Problem details: Skip the pictures and restate, word for word, the lines from the one containing "Shtisel – Haszid" to the end of the data below.

Provided data:

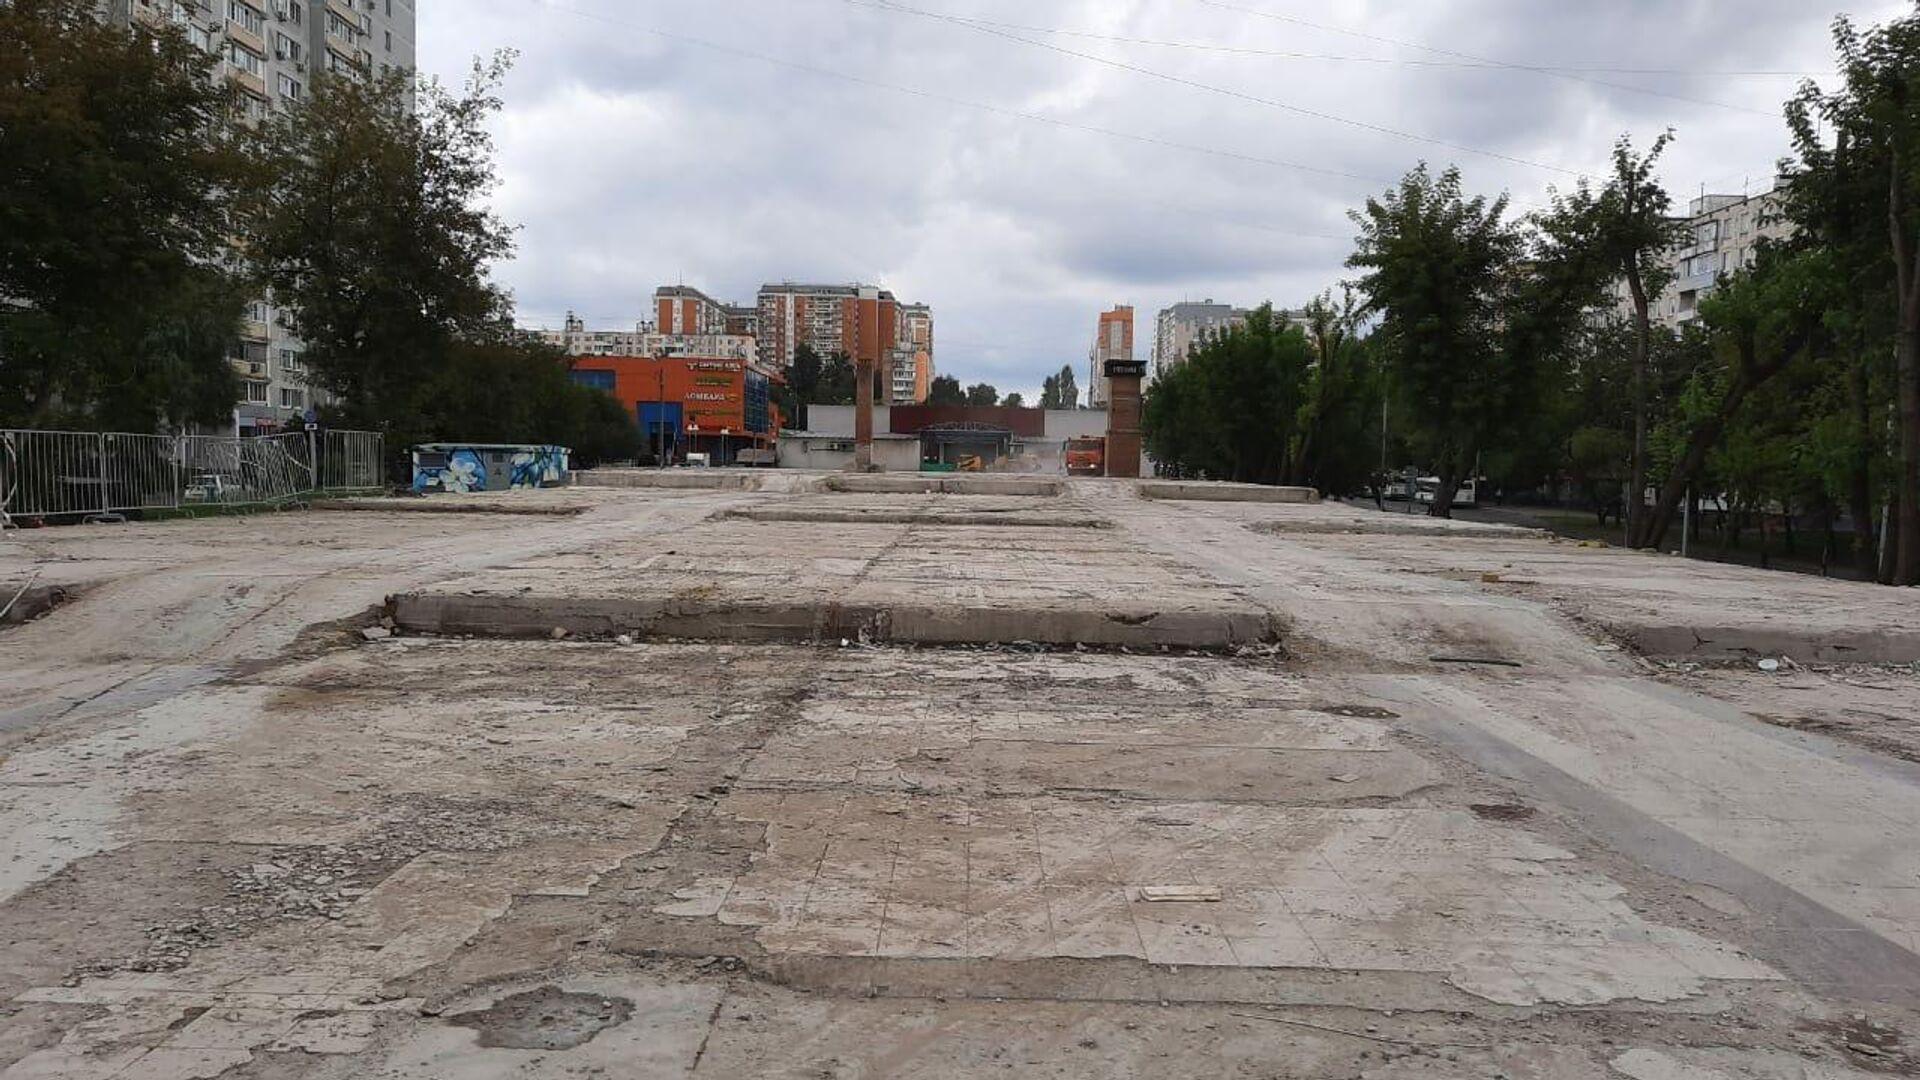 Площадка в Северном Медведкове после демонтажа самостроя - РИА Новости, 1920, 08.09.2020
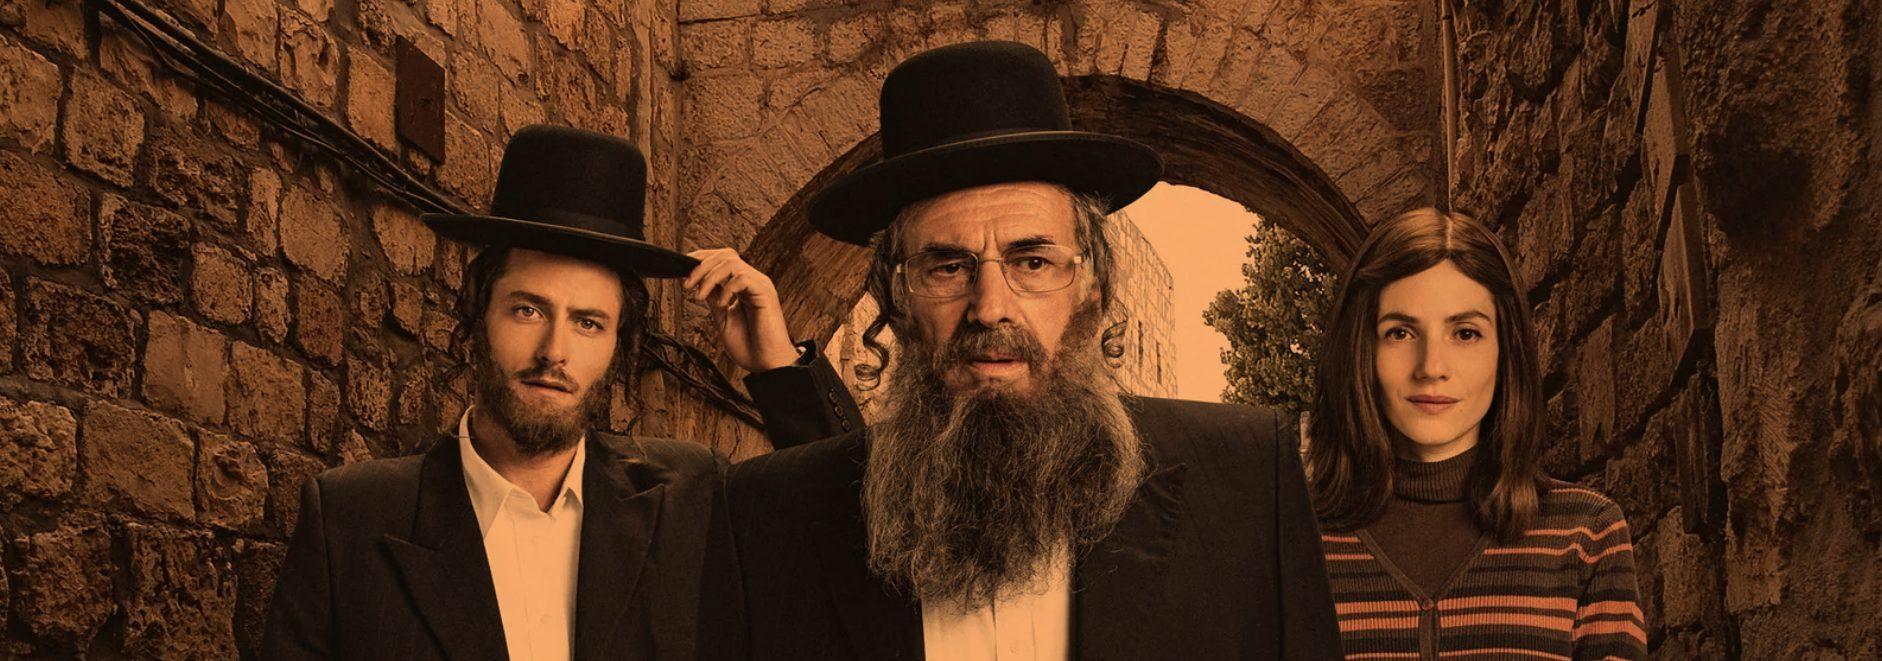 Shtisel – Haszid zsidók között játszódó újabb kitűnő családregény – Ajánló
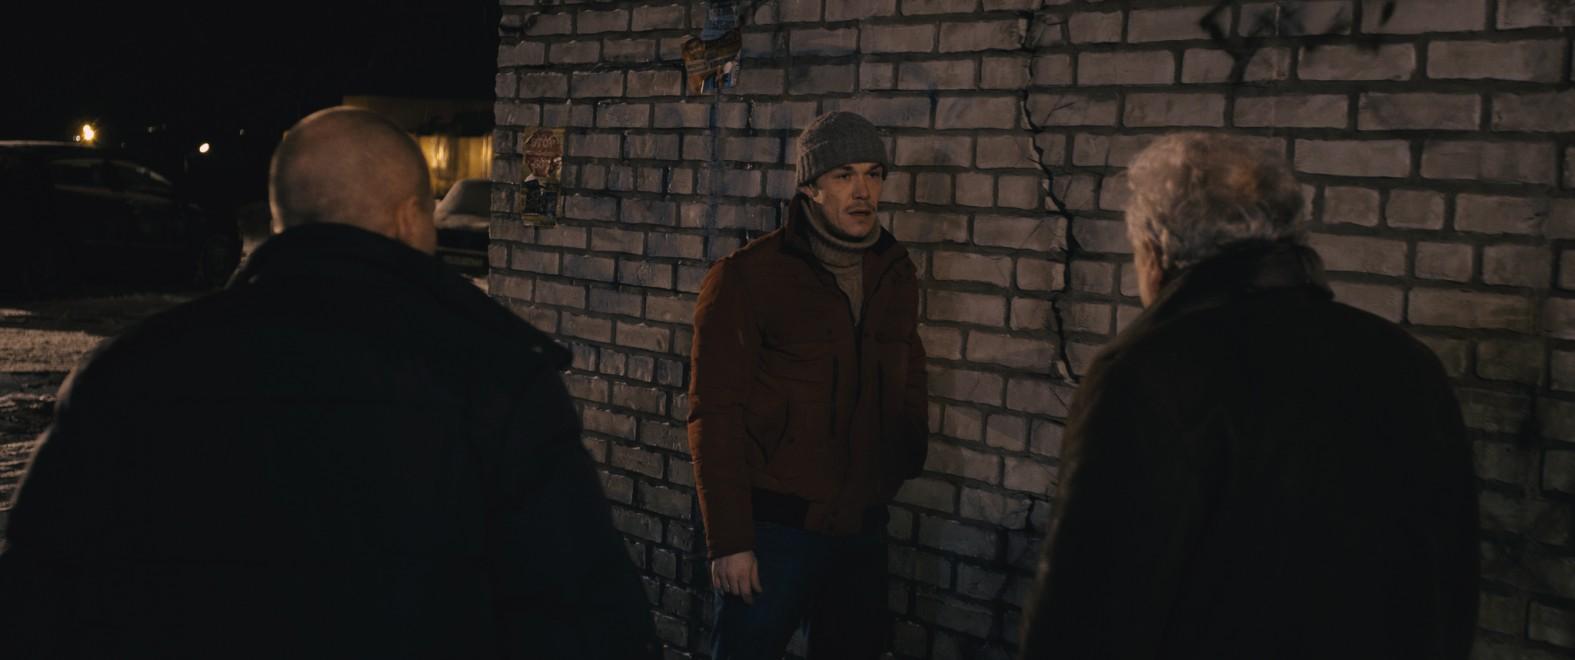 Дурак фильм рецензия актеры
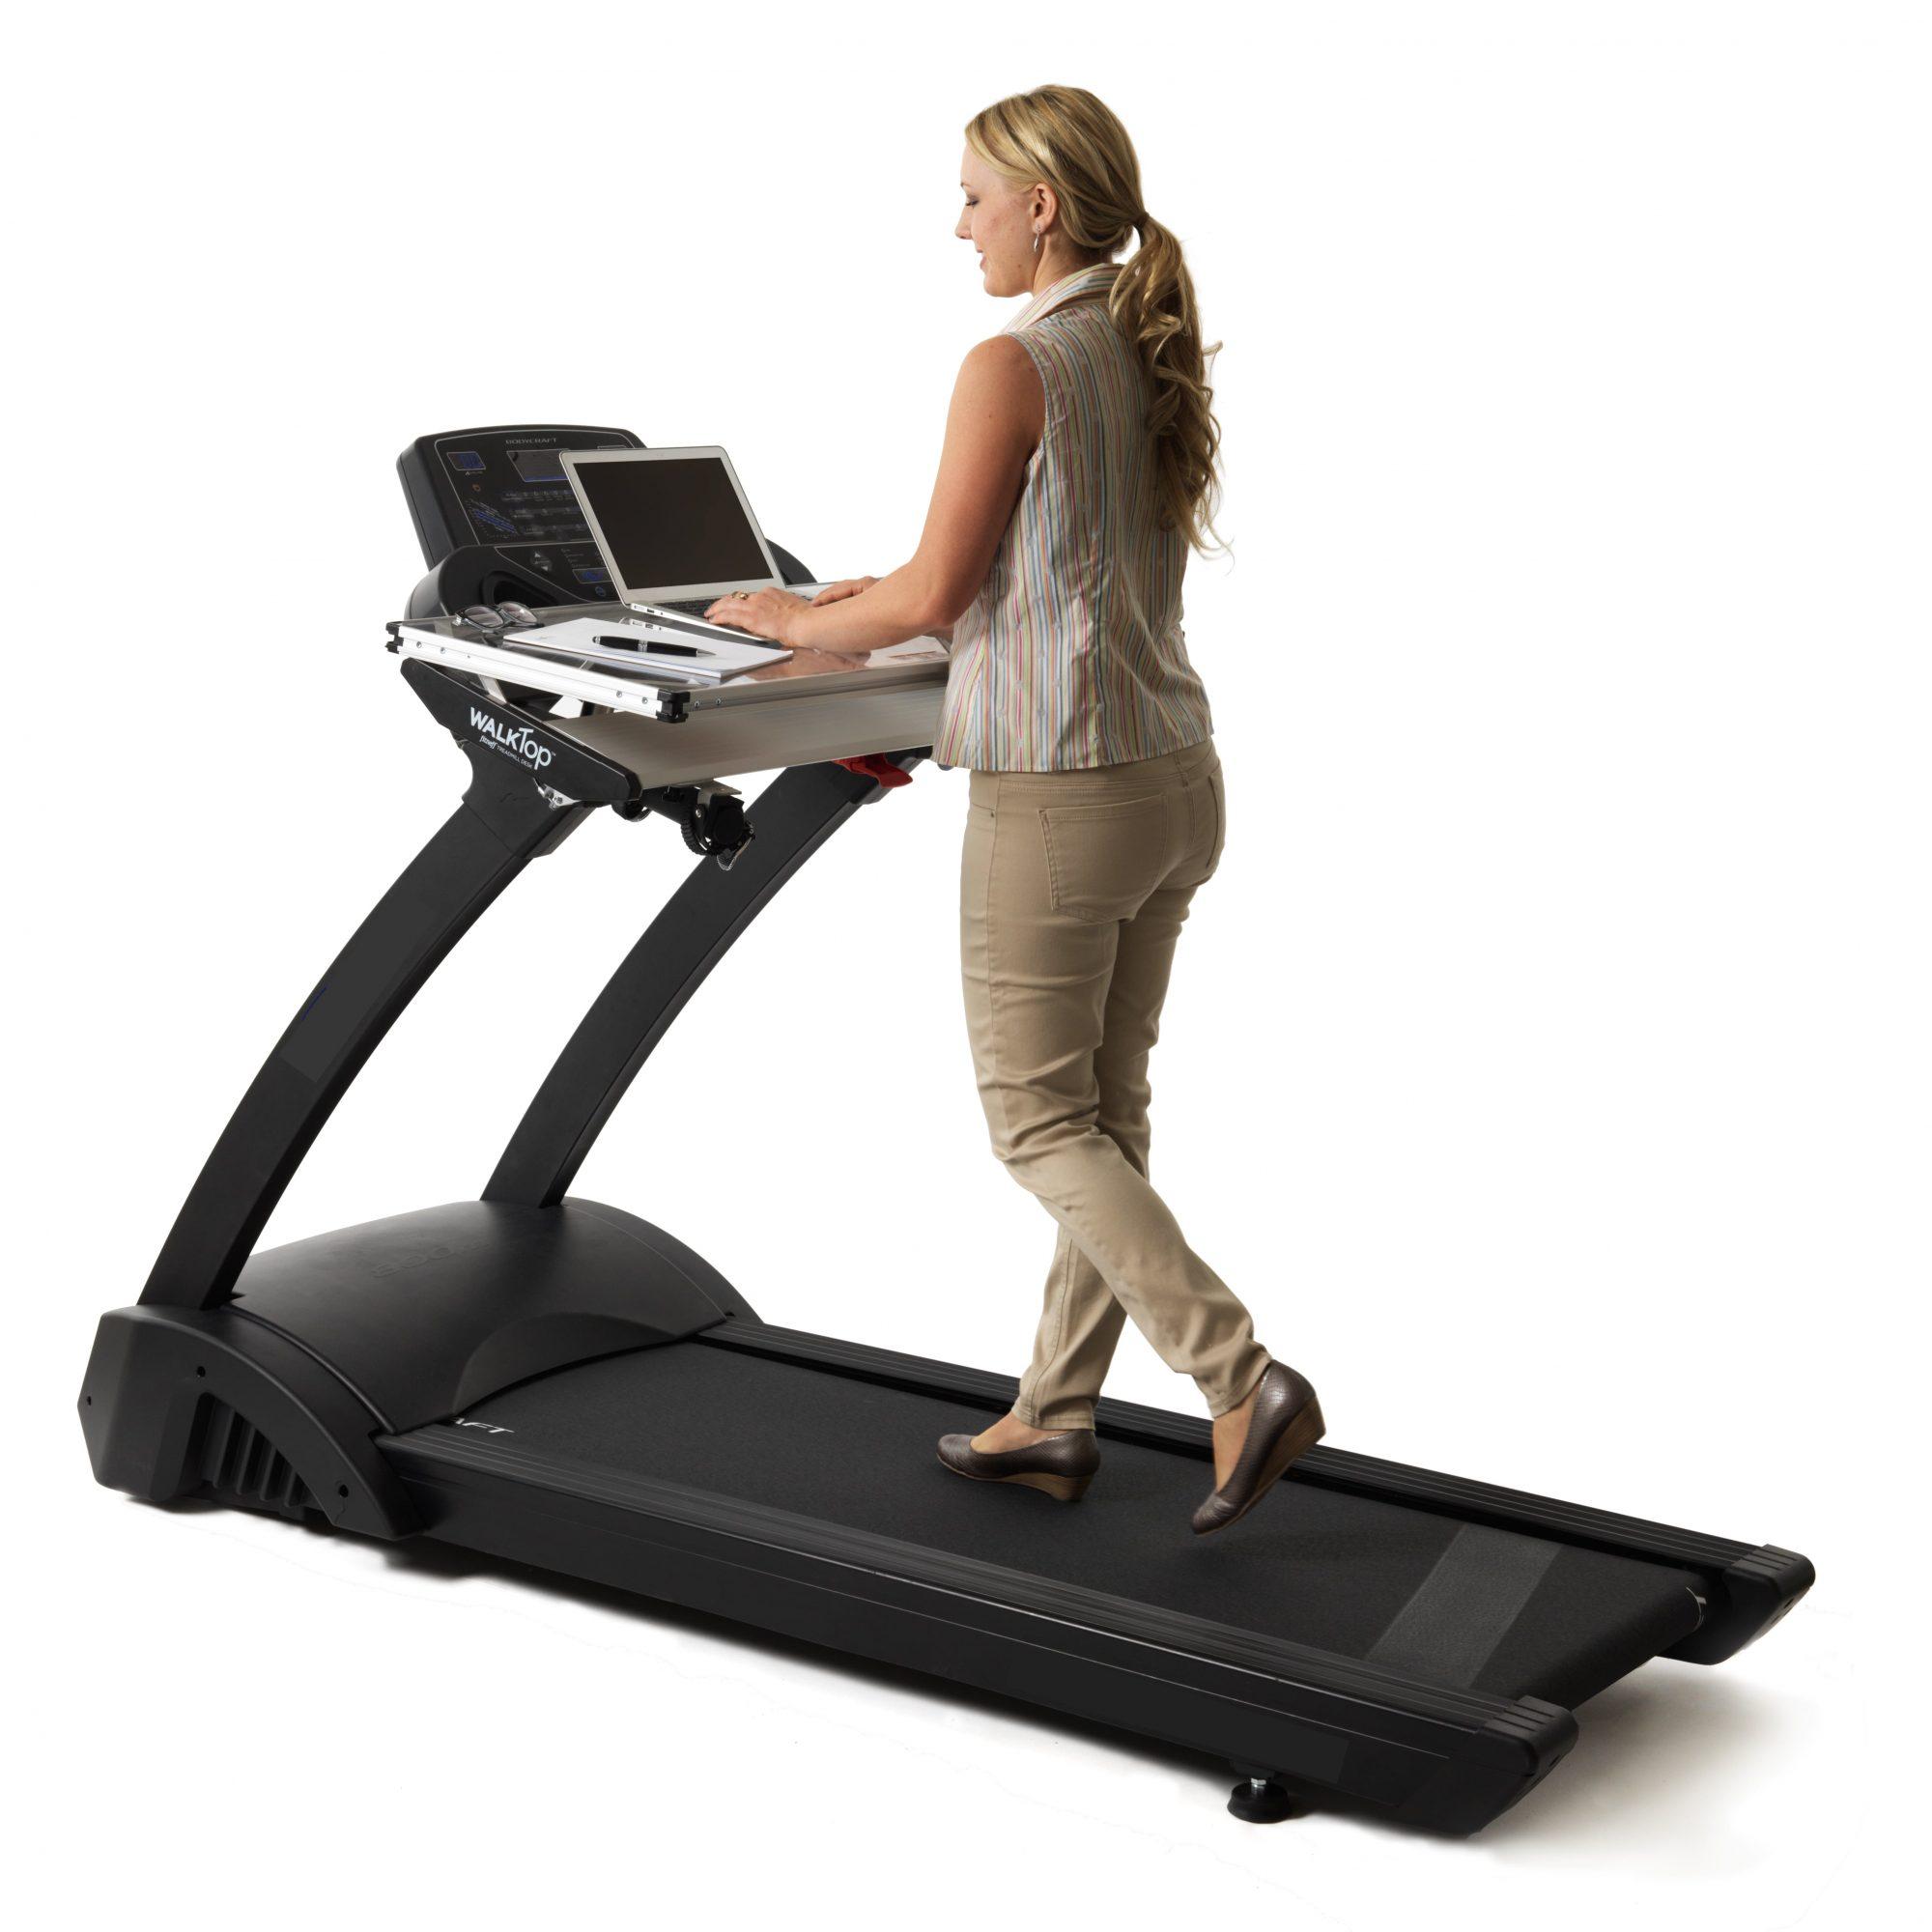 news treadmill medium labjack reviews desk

Response area:
 Shtisel – Haszid zsidók között játszódó újabb kitűnő családregény – Ajánló
 Дурак фильм рецензия актеры
 news treadmill medium labjack reviews desk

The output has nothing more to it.